The concepts introduced in this chapter—sigmoid activation, log-loss, and softmax—form the foundation for understanding neural networks, where these functions appear as building blocks in more complex architectures. Logistic regression remains a valuable tool for its simplicity, interpretability, and effectiveness on linearly separable problems.

Key Takeaways

  1. The sigmoid function maps any real number to the interval [0, 1], enabling probabilistic interpretation
  2. Logistic regression applies sigmoid transformation to a linear combination of features for binary classification
  3. Log-loss (binary cross-entropy) measures the quality of probability predictions and is minimized during training
  4. Maximum likelihood estimation provides the theoretical foundation for learning logistic regression parameters
  5. One-vs-all and one-vs-one are strategies for extending binary classifiers to multiclass problems
  6. The softmax function generalizes sigmoid to multiple classes, producing a probability distribution over \(K\) classes
  7. Regularization (controlled by parameter C) balances model complexity and generalization
  8. Logistic regression works best for linearly separable problems but can be extended with polynomial features or combined with other methods

Further Reading

  • Hastie, T., Tibshirani, R., & Friedman, J. (2009). The Elements of Statistical Learning (Chapter 4: Linear Methods for Classification)
  • Bishop, C. M. (2006).
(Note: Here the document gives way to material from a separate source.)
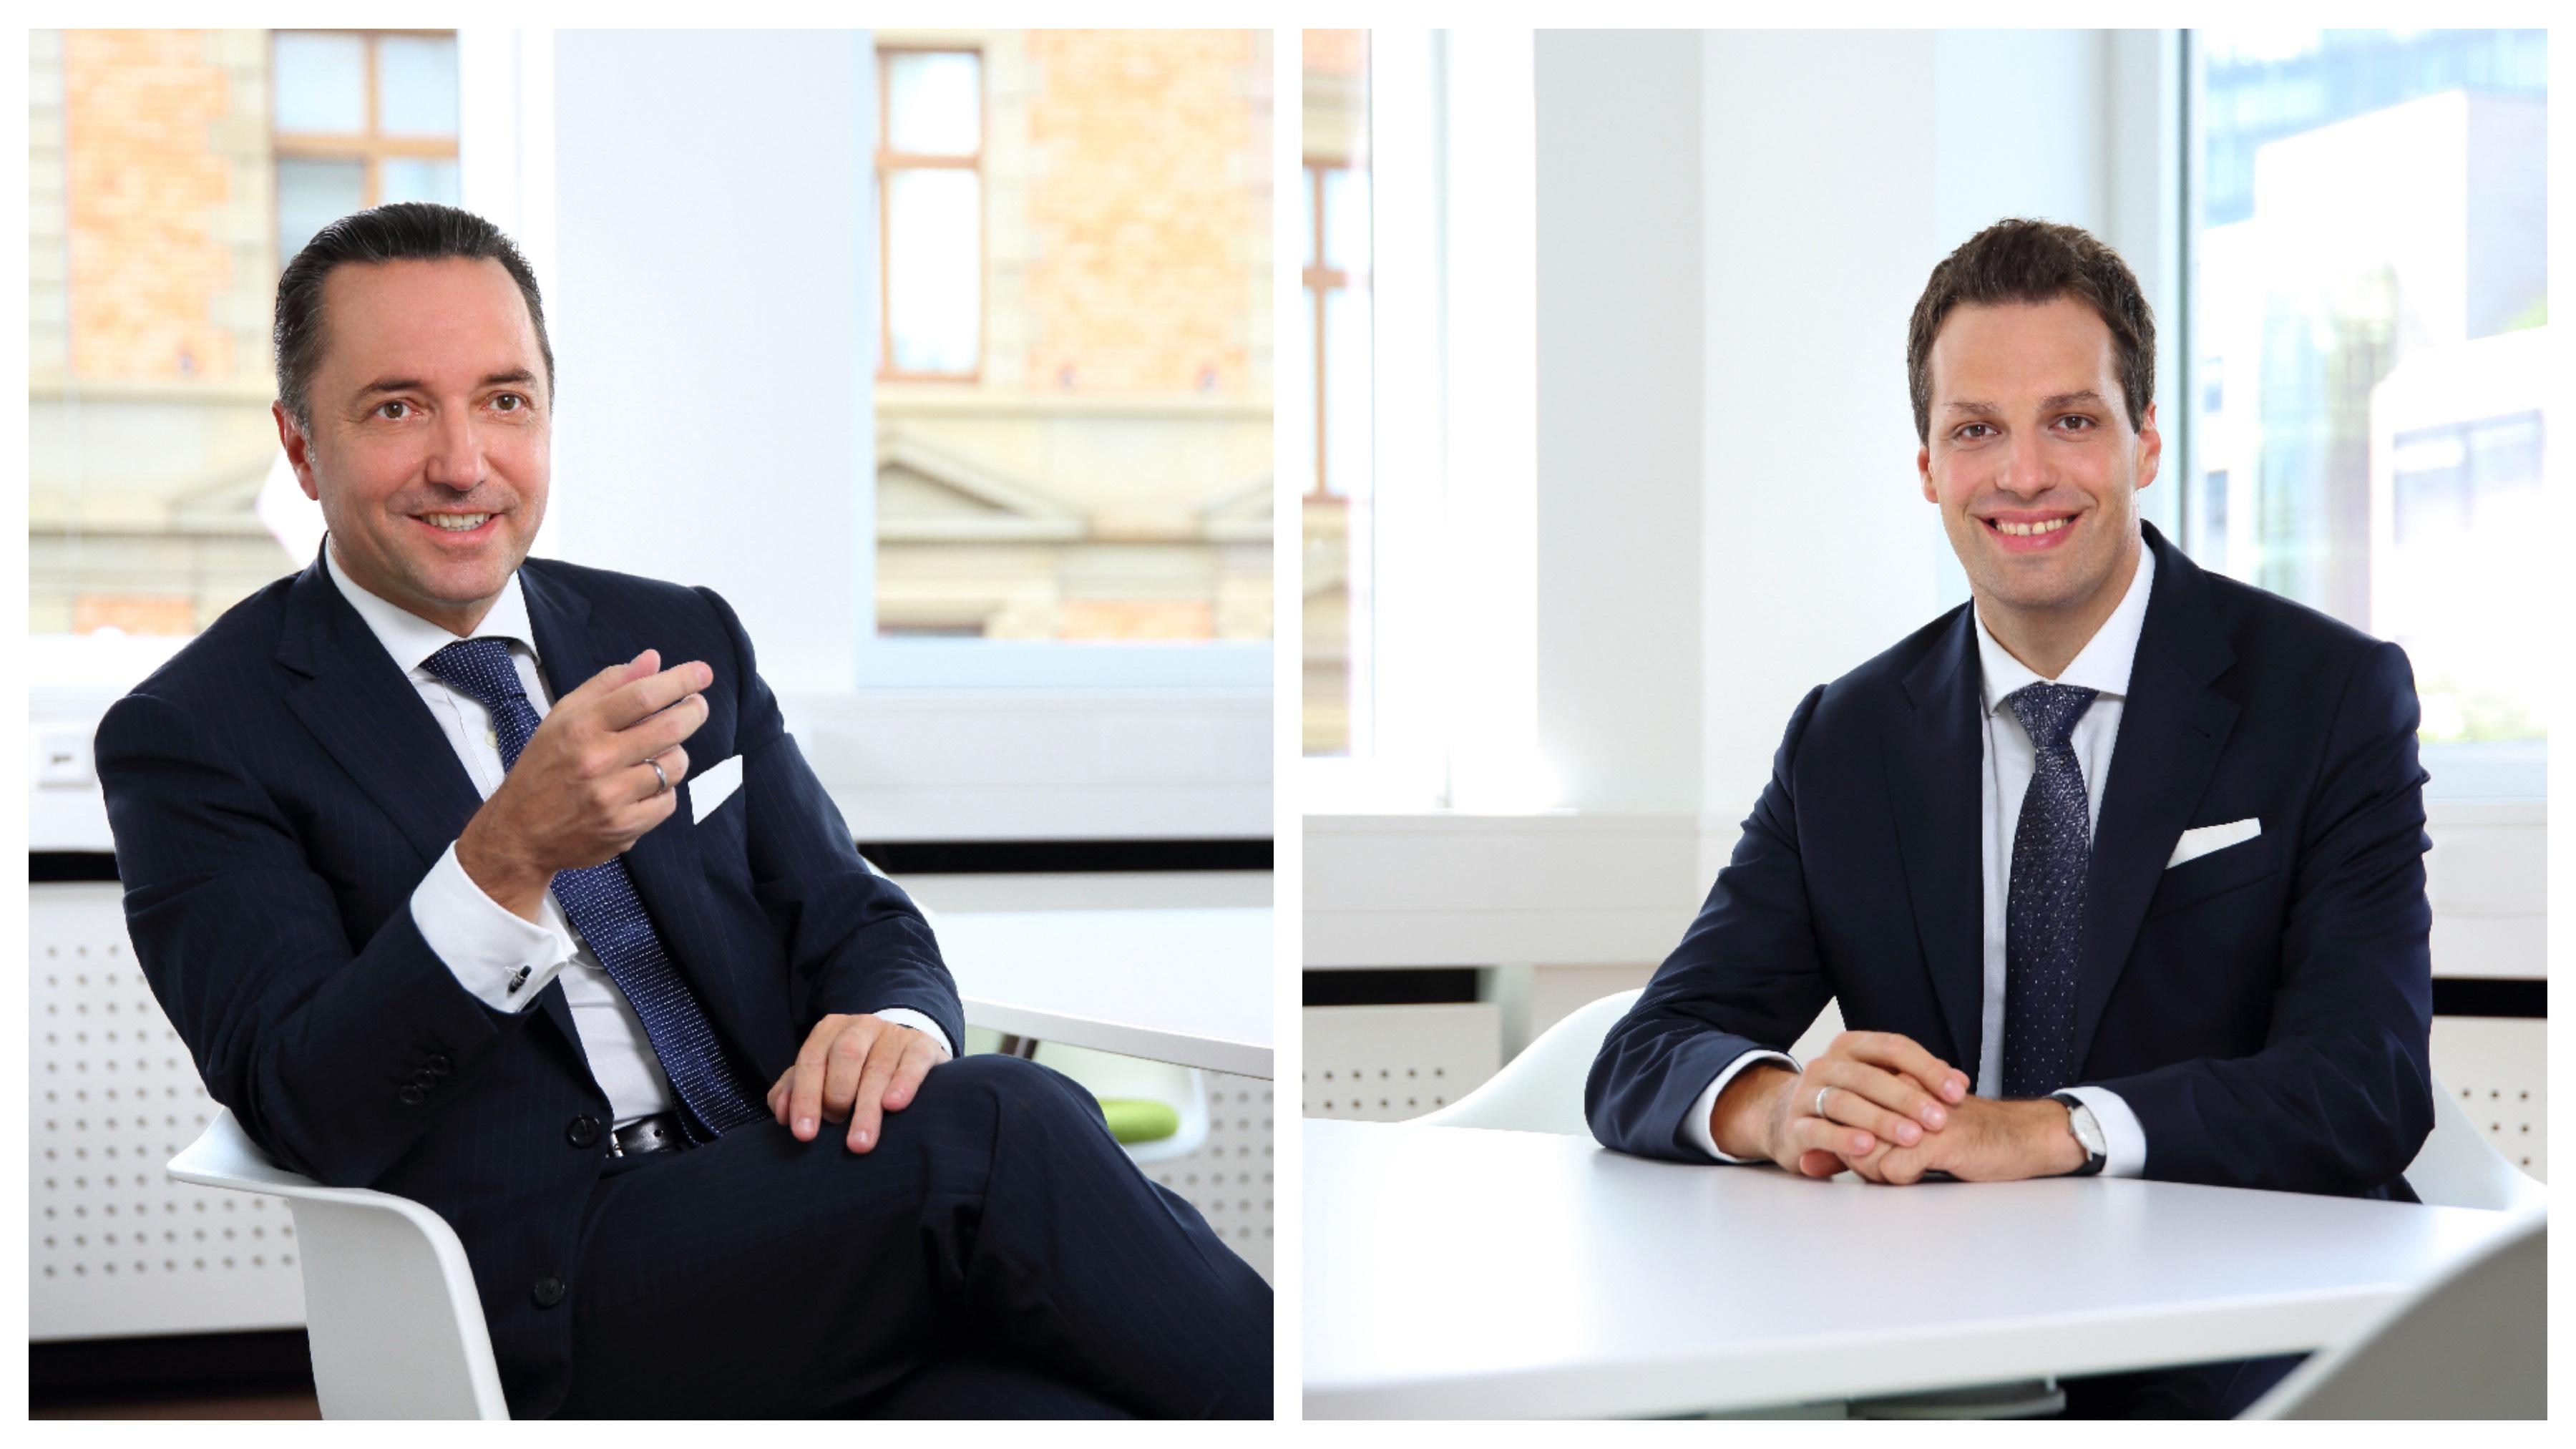 Unsere Expertise ist gefragt: Zwei Vorträge im Oktober bei der Rechtsanwaltskammer Frankfurt und beim 2. CM-Forum in Ettlingen

Pattern Recognition and Machine Learning (Chapter 4: Linear Models for Classification)
  • Murphy, K. P. (2012). Machine Learning: A Probabilistic Perspective (Chapter 8: Logistic Regression)
  • Scikit-learn documentation: Logistic Regression

Exercises

  1. Sigmoid Properties: Prove that the sigmoid function \(\sigma(z) = \frac{1}{1+e^{-z}}\) has the derivative \(\sigma'(z) = \sigma(z)(1-\sigma(z))\). Why is this property useful for gradient-based optimization?

  2. Log-Loss Calculation: Given three predictions: (true=1, predicted=0.8), (true=0, predicted=0.3), (true=1, predicted=0.6), calculate the average log-loss. Which prediction contributes most to the loss?

  3. Multiclass Comparison: Implement logistic regression on a dataset with 5 classes using both one-vs-all and softmax strategies. Compare training time, prediction time, and accuracy. Under what conditions might one approach be preferable?

  4. Feature Scaling Impact: Train logistic regression on the Iris dataset with and without feature standardization. Compare convergence speed and final accuracy. Explain the differences.

  5. Regularization Tuning: Use grid search with cross-validation to find the optimal C parameter for logistic regression on a high-dimensional dataset. Plot the relationship between C and cross-validation score.

  6. Coefficient Interpretation: Train a logistic regression model and interpret the sign and magnitude of each coefficient. Create a visualization showing feature importance based on coefficient values.